体裁を繕っては、あたかも「知っています」という顔で、知識をひけらかすのが大好きだ。異論、反論は認めない。おまけに、かっこつけである。
その筆頭が、同級生で長年の友人である鉢屋三郎だった。頭の良い彼は、処世術も長けているから、同年代の男に比べて子供っぽい行動は取らないものの、同じく友人である不破雷蔵の前になると、ころっと態度を変える。その豹変振りは、脱帽ものだった。
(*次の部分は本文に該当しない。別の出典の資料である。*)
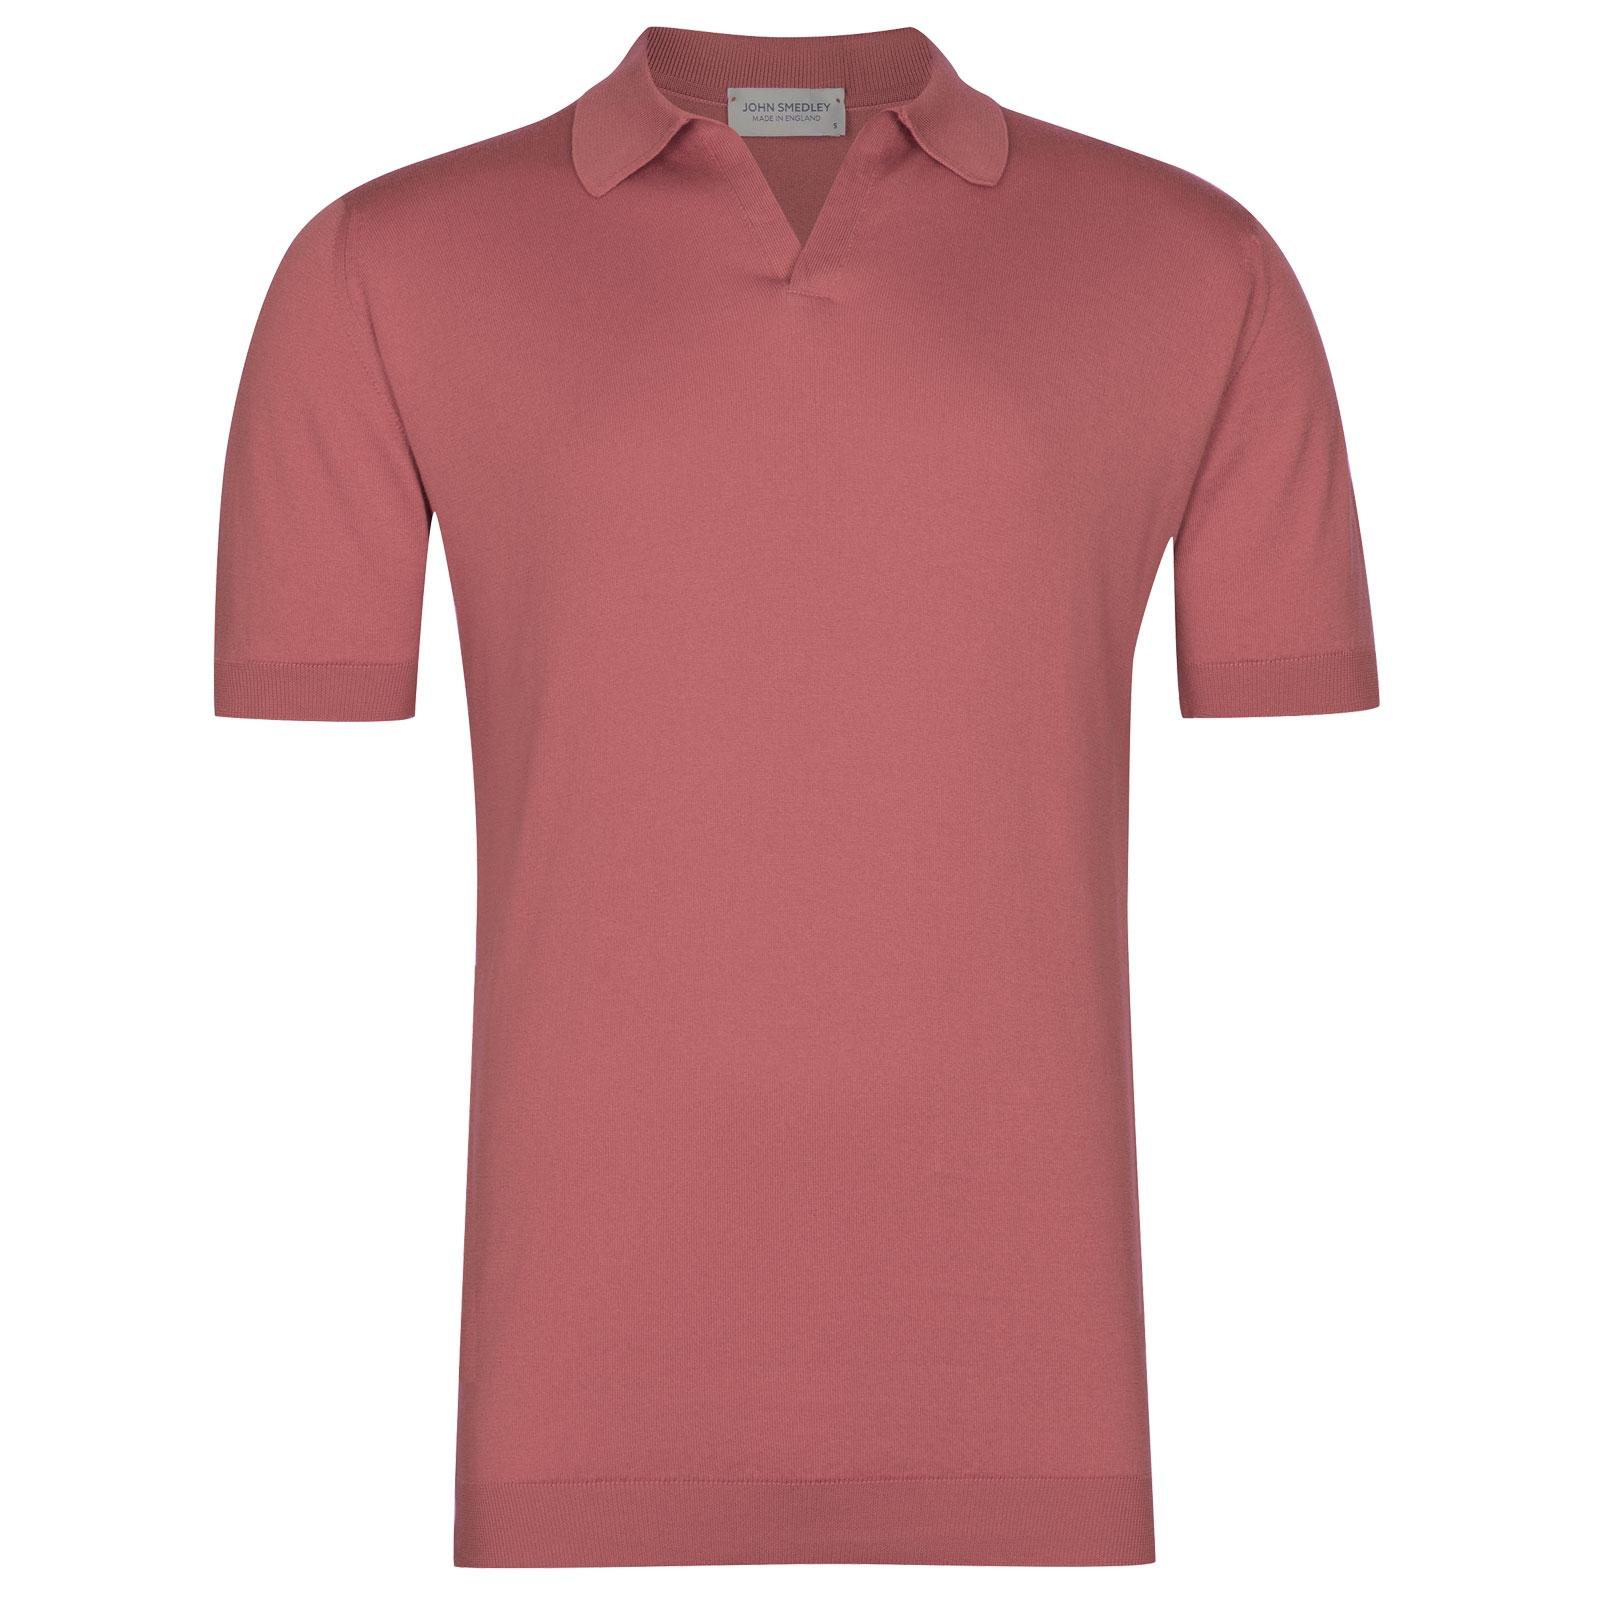 John Smedley Noah in Azalea Pink Shirt-XLG

甘党の雷蔵が好む酒は、ジュースのような甘ったるいチューハイかカクテルで、辛党の三郎は、もっぱら日本酒だった。三郎曰く、「甘い酒は酒ではない。酒とは金箔を散らしたように輝く色や、鼻を抜けるアルコールの香り、舌の上で踊る風合いを楽しむもの」だ。そんな事を饒舌に語っていたときの三郎は、二十歳そこそこの若造とは思えない口振りだった。
そう、三郎は酒といえば日本酒!という男だ。二人で飲みに行けば、日本酒以外は飲まない。たまにビールや、焼酎、梅酒なんかを勧めるものの、それを口にすることは滅多にない。ともすれば、ジュースに近いカクテルなんて言語道断。……の、はずだった。






「雷蔵、まだ迷ってるのかい?」

メニューを掴んだまま、「こっちにしようかな…ああ、でも、こっちも飲みたい…」と、お決まりの熟考タイムに入ってしまった雷蔵に、三郎が困ったような嬉しそうな、なんとも形容しがたい表情を浮かべていた。雷蔵の視線はメニューからぶれない。三郎を見ないまま、「うん」と短い返事をする。それを目を細めてみる三郎は実に幸せそうだった。二人を纏う空気は、まさに恋人同士のそれだ。実に甘い、甘すぎる。実際二人はお付き合いというものをしている正真正銘の恋人同士なのだからそれを咎める気にはならないけれど、それでも「場所を考えろ!」と思わずにはいれない。だって、ここにいるのは二人だけじゃないんだから!
ちらりと横を見ると同じ事を思っているのか、兵助も居心地の悪そうな表情を浮かべていた。その向こうの勘右衛門は、雷蔵と同じくメニューしか目に入ってないみたいなので放っておく。
そう、ここにいるのは同級生五人なのだ。






「たまにはみんなで飲もうぜ!」

そんな話になったのは、昨日のことだった。言いだしっぺは竹谷で、残り四人も二つ返事でそれにのってきて、ひさしぶりに友人達とわいわい飲めるのを竹谷は楽しみにしていたのだ。それが、蓋を開ければこれだ。
普段は、我関せずといったスタンスで、周囲と一線を引く三郎は、こと雷蔵に関しては、見ているほうが引くくらいにかまいたがる。その豹変振りも脱帽だが、それ以上に驚くのは内容の方だ。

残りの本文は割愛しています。